In 2005 two other mosquito repellents were approved by the U.S. Environmental Protection Agency. Those are Picaridin, found in Cutter Advanced, and oil of lemon eucalyptus, a plant-based repellent.

Burnett said residents should use the repellents, particularly if they go out near dawn and dusk when mosquitos are most active. In addition, they should eliminate standing water, check screens on their homes for tears and wear long sleeves when they out.

"It's the single most important thing you can do," Burnett said.

State health officials will be testing dead birds again this year for the virus and also tracking dead birds, Burnett said.

Birds being tested include crows, blue jays, robins and other perching birds. In addition sick horses and humans with West Nile like symptoms will be tested.

Residents who find a sick or dying bird should report that to either the Cook County Health Department on its West Nile hotline, (708) 492-2650, or to Burnett at (847) 470-5221.

For testing, Burnett said birds must have been dead for less than 24 hours and not have any damage or signs of decomposition. However, she said, even those that do not qualify for testing are being tracked this summer.

"We also track the dead birds that aren't tested," she said.

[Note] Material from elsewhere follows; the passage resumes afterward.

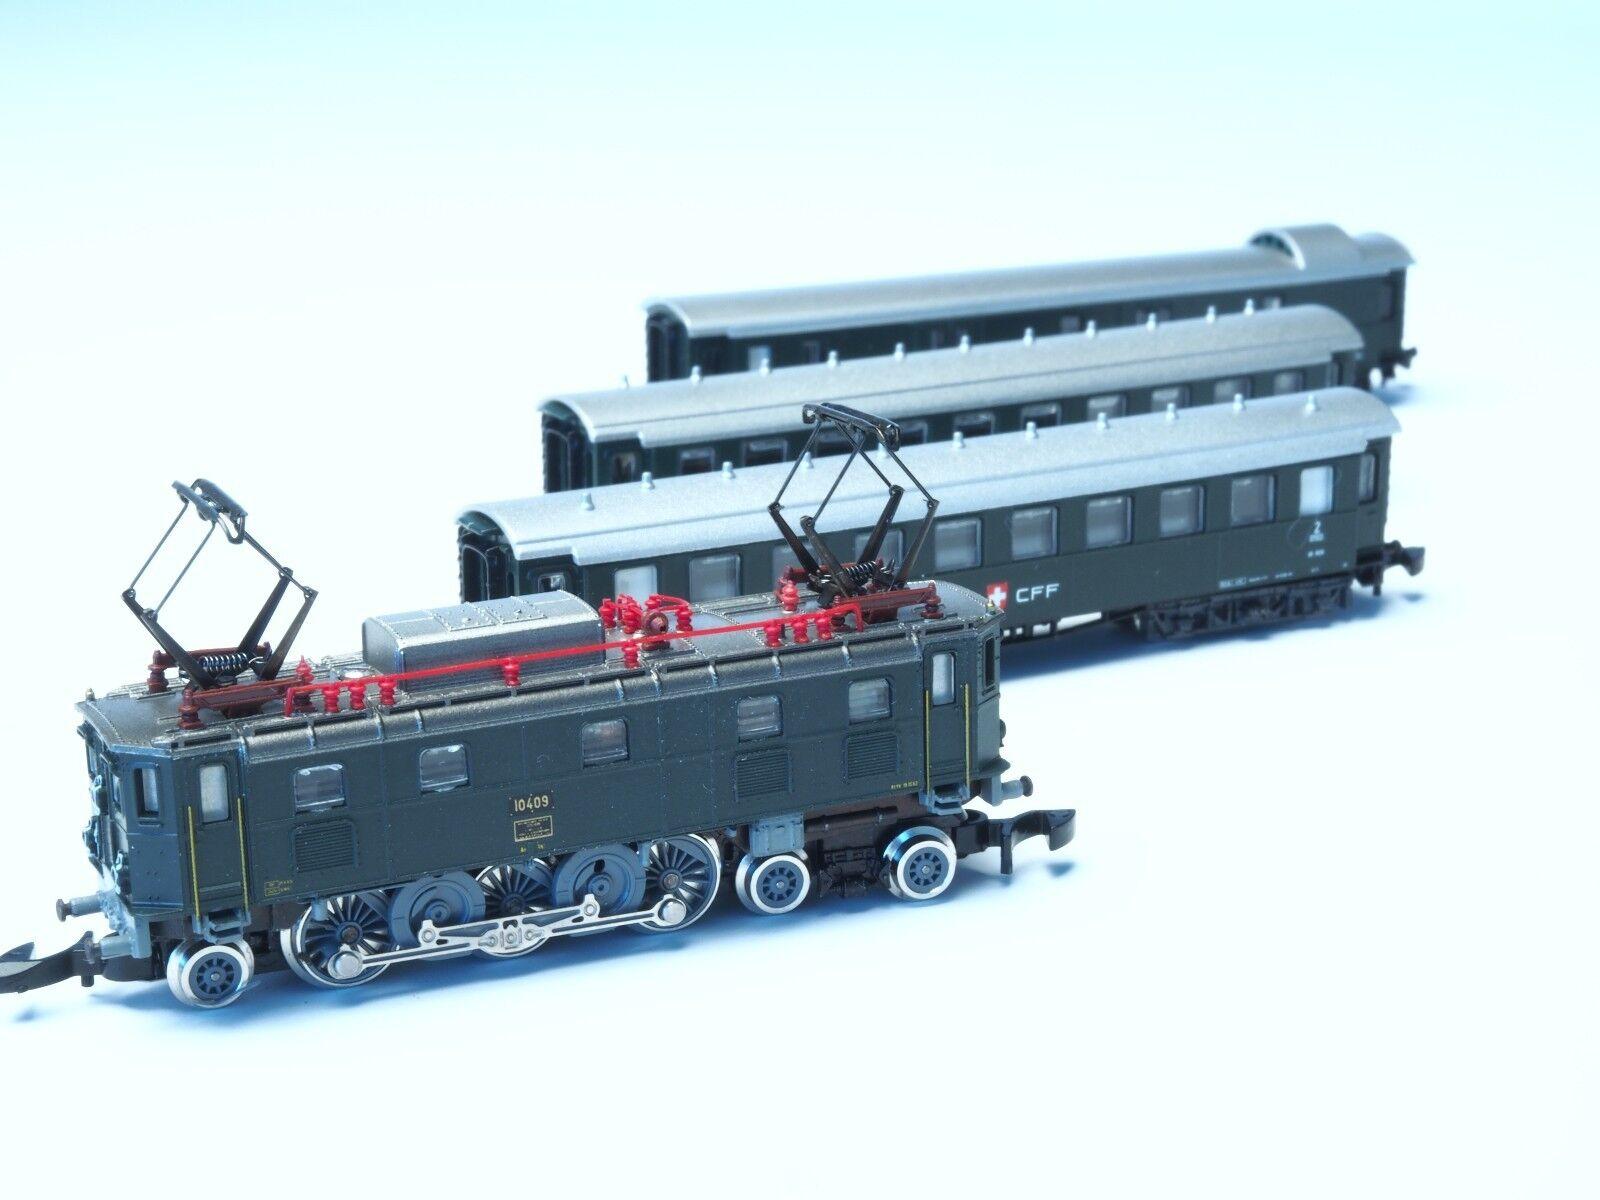 8418 Marklin Z -skala SBB Schweiz Passagerarklass Ae 3  6 II

About one in 150 people infected with the West Nile virus will develop severe illness.

The symptoms can include high fever, headache, neck stiffness, stupor, disorientation, coma, tremors, convulsions, muscle weakness, vision loss, numbness and paralysis. These symptoms may last several weeks, and neurological effects may be permanent.

Up to 20 percent of the people who become infected will display symptoms which can include fever, headache, and body aches, nausea, vomiting, and sometimes swollen lymph glands or a skin rash on the chest, stomach and back. Symptoms can last for as short as a few days, though even healthy people have been sick for several weeks.

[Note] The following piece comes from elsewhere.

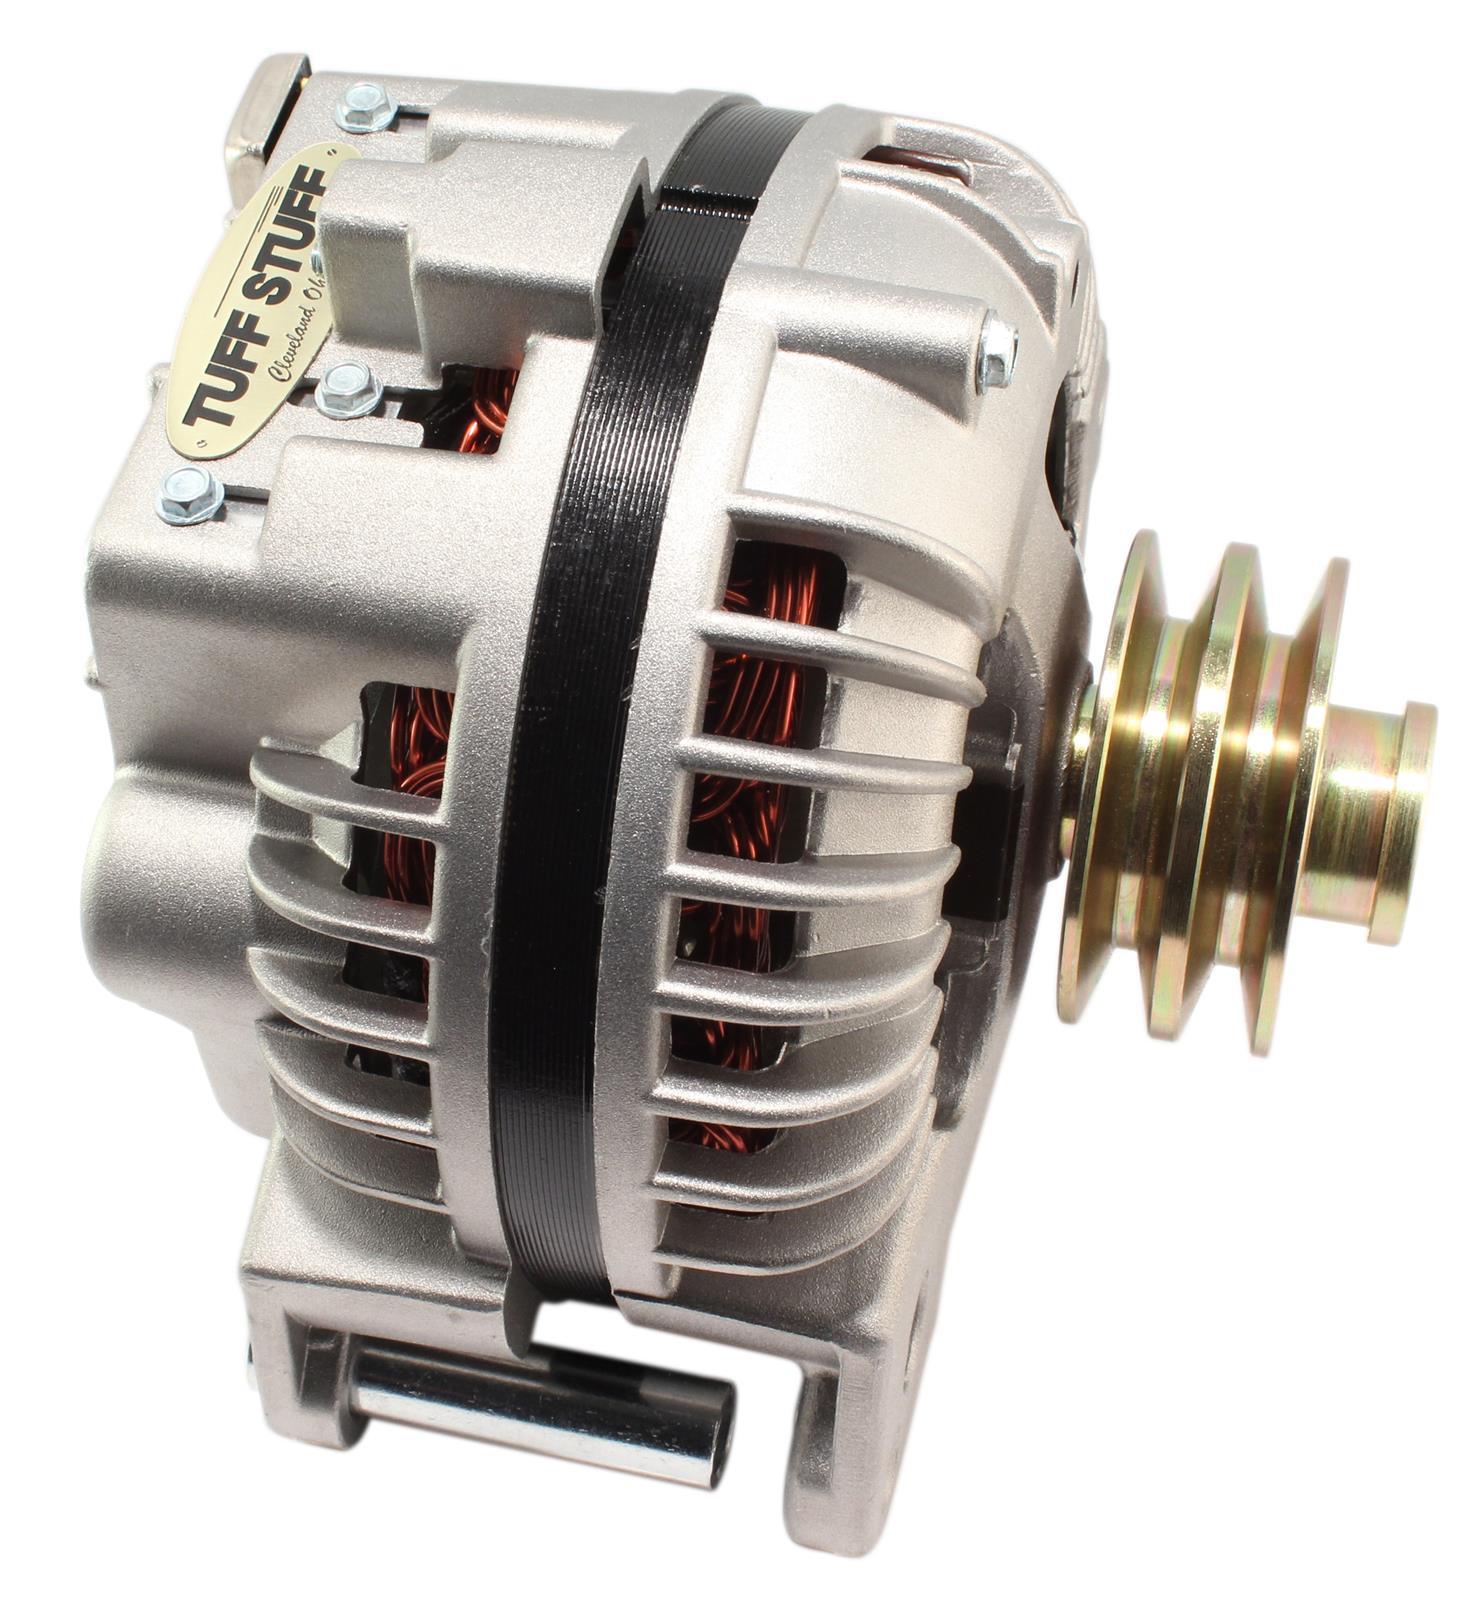 DODGE MAGNUM Tuff Stuff Performance High-Amp Output Factory Cast-Plus  Alternators 9509DP

Approximately 80 percent of people, about four out of five, who are infected will not show any symptoms at all, according to the Centers for Disease Control.

The worst year so far for human infections came in 2002 when Illinois led the nation with 884 cases and 66 deaths. That was the year that former mayor Dan Scanlon became ill with West Nile encephalitis and his wife died from a West Nile-related illness.